D defs.my
Entry 7 senses · 2 variants Webster, 1913

Sluice

/slo͞os/ · IPA /sluːs/
01 n. An artifical passage for water, fitted with a valve or gate, as in a mill stream, for stopping or regulating the flow; also, a water gate o…
  1. 1.
    An artifical passage for water, fitted with a valve or gate, as in a mill stream, for stopping or regulating the flow; also, a water gate or flood gate.
  2. 2.
    Hence, an opening or channel through which anything flows; a source of supply.
    “Each sluice of affluent fortune opened soon.” — Harte.
    “This home familiarity . . . opens the sluices of sensibility.” I. Taylor.
  3. 3.
    The stream flowing through a flood gate.
  4. 4.
    A long box or trough through which water flows, -- used for washing auriferous earth.(Mining)
Phrases & compounds
Sluice gate — the sliding gate of a sluice.
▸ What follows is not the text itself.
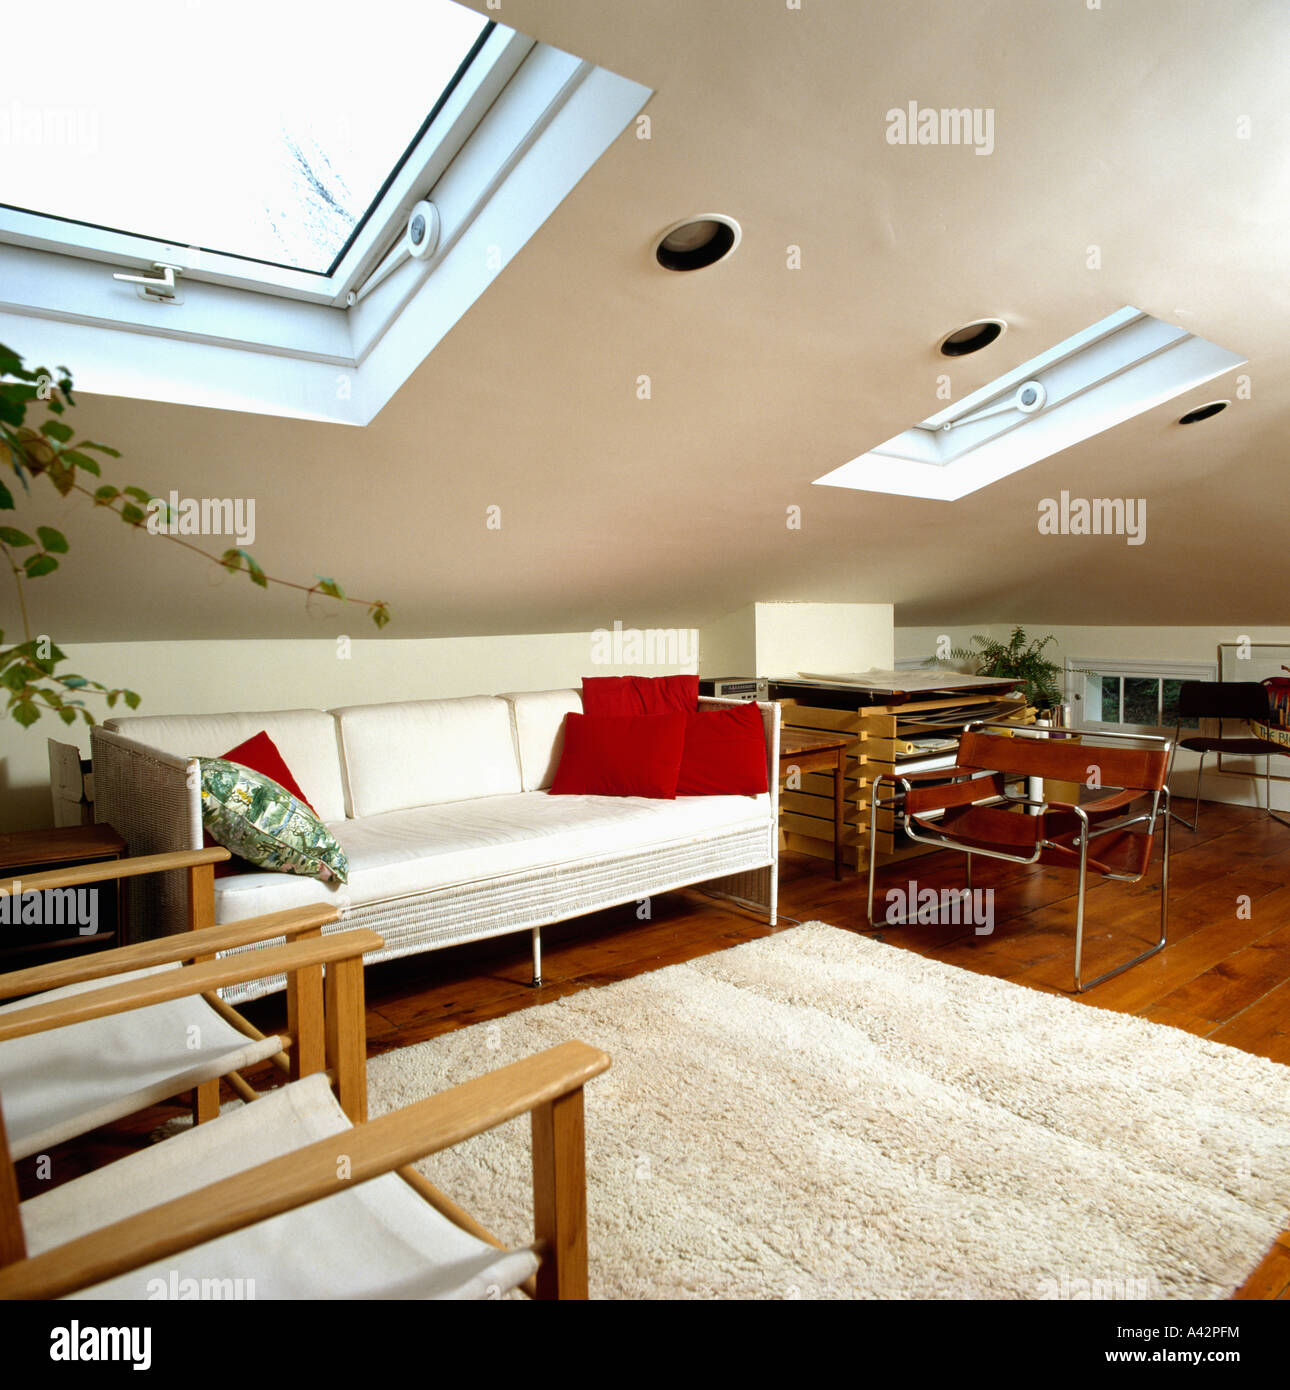 Velux windows and white sofa in modern loft conversion living room with sheepskin rug and Marcel Breuer Wassily chair Stock Photo

02 v. t. To emit by, or as by, flood gates.
imp. & p. p. Sluiced; p. pr. & vb. n. Sluicing
  1. 1.
    To emit by, or as by, flood gates.[R.]
  2. 2.
    To wet copiously, as by opening a sluice; as, to sluice meadows.
    “He dried his neck and face, which he had been sluicing with cold water.” De Quincey.
  3. 3.
    To wash with, or in, a stream of water running through a sluice; as, to sluice eart or gold dust in mining.